The statistics presented at this biannual meeting show that providing health care in slums cannot be ignored or delayed: one out of six people in the world live in a slum, but in some regions, like South East Asia, that percentage rises up to 43 per cent. In Bangladesh, infant mortality rates reach 63 per cent in shanty towns, while it is 30 per cent in the non-slum areas.

In most slums the main causes of death have not even been measured. But in those where scientists have carried out surveys their results show that inhabitants die mostly because of preventable diseases such as HIV, pneumonia, or diarrhoea.

Despite the pessimistic feeling these figures provoke, I heard a positive message from several speakers at the meeting. Change is possible, they said, through a combination of science, leadership and community involvement.

They presented some examples where this approach has worked. One project, in the slums of Meladi Nagar near the city of Ahmedabad in India, shows how microfunding and involving their inhabitants in the data collection had a positive effect on improving their health conditions. 

Local women, collected under the trade union organisation Self Employed Women Association, created a bank to offer small loans to other women so they could improve their neighbourhoods. This borrowed money funded the electrification of all the households, improvements in access to drinking water, the cleaning of the streets and the construction of private toilets in dwellings. The costs were shared equally between the Ahmedabad Municipal Corporation, the community and private investors.

That had an immediate impact on these people’s health, according to Michael Marmot, professor of epidemiology and public health at University College London, United Kingdom.

“This is a clear example of how we can involve communities in urban renewal whilst cementing social ties,” Marmot told the meeting.

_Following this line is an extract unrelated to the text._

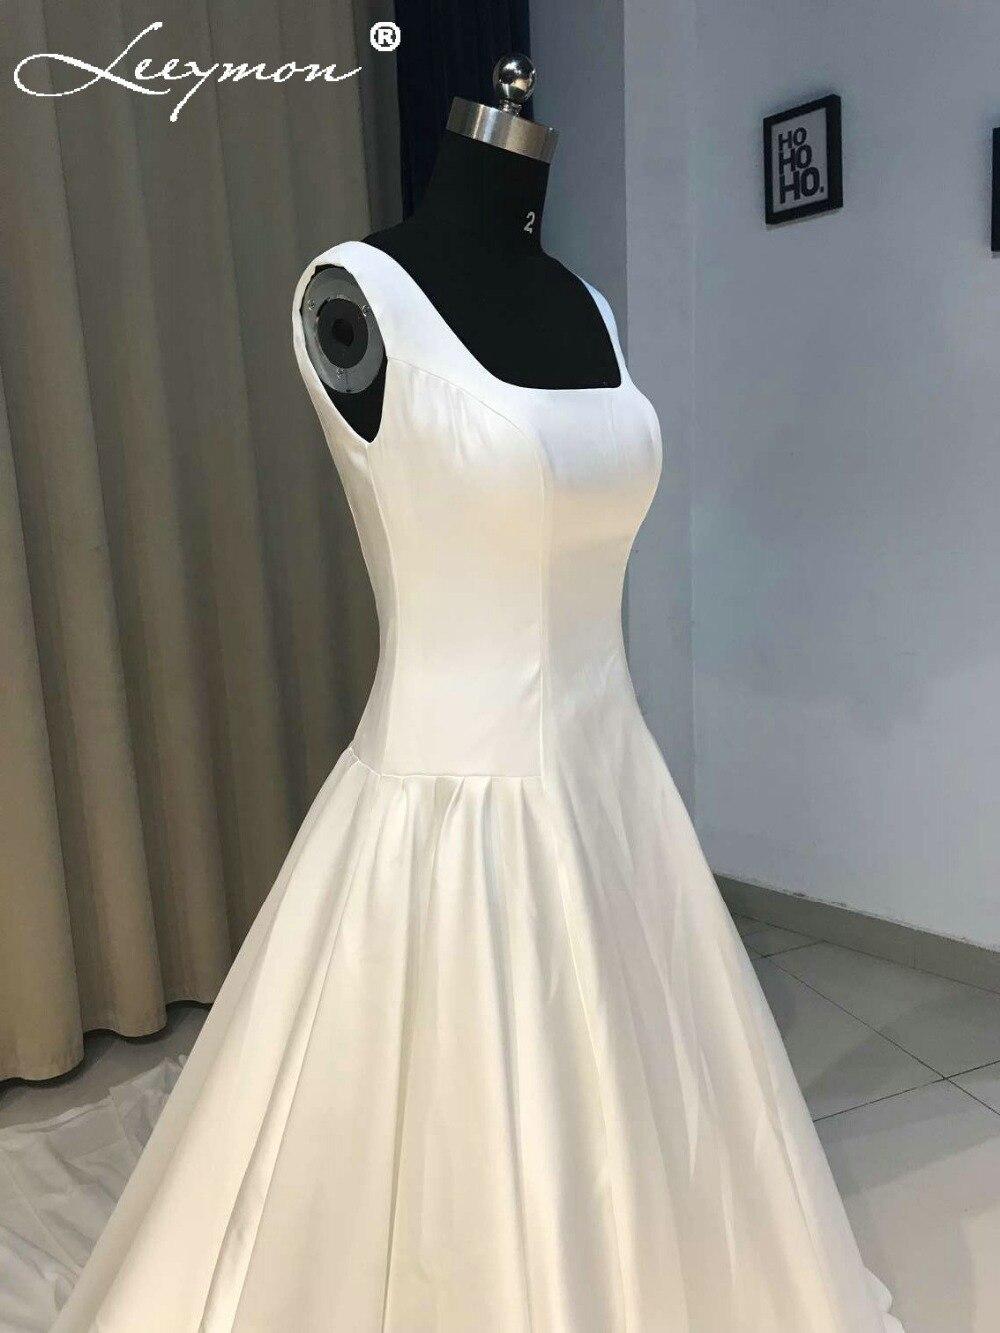 Erfreut Einfaches Satin Hochzeitskleid Galerie - Brautkleider Ideen ...

A number of scientists from other projects explained how their initial approach to improve the health and sanitary conditions in some slums clashed with local beliefs.

“You are not going to make a lot of progress if you tell people to do something that goes against their beliefs,” said Muhammad Saddiq, a PhD student at the University of Sheffield, United Kingdom. He has studied the health systems in place in slums in northern Nigeria, where the most common health providers were traditional healers and family members of the patient. “Do not treat women with many children in Nigeria as if they had a disease,” he said, “but look at the reasons why they have so many and try to develop an intervention from there.”

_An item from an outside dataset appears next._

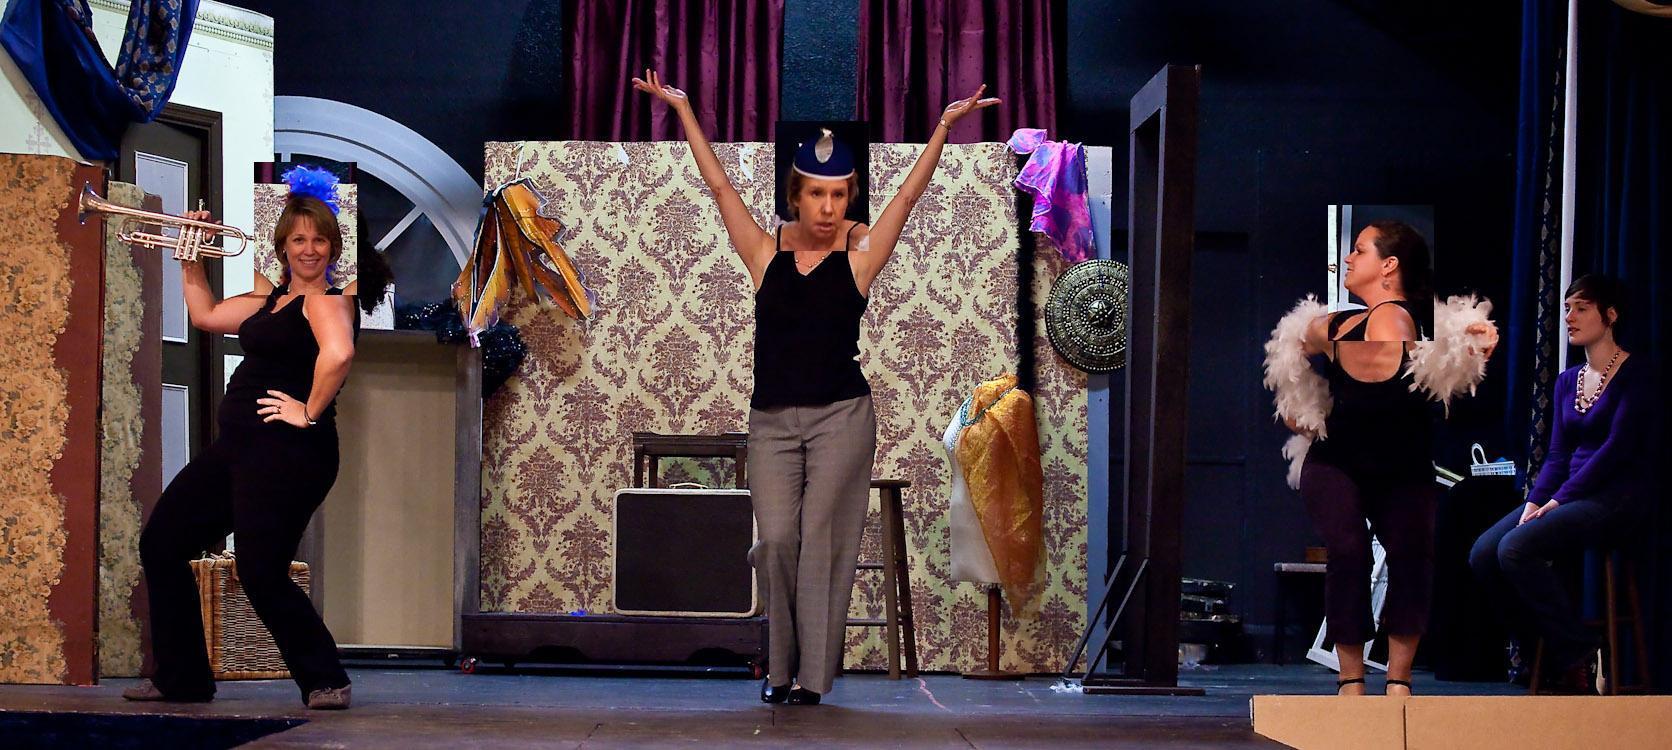 Gypsy strippers II.JPG

At other slums which have been regularly hit by natural disasters, scientists have found that involving women in the prevention stage yielded good results. So said Mala Rao, professor of International Health at the University of East London.

“In Honduras, when women were involved in the early warning system and hazards management of La Masica, this city reported no deaths in the aftermath of the Mitch hurricane in 1998. Bringing all the stakeholders and the scientists together is absolutely crucial,” she said.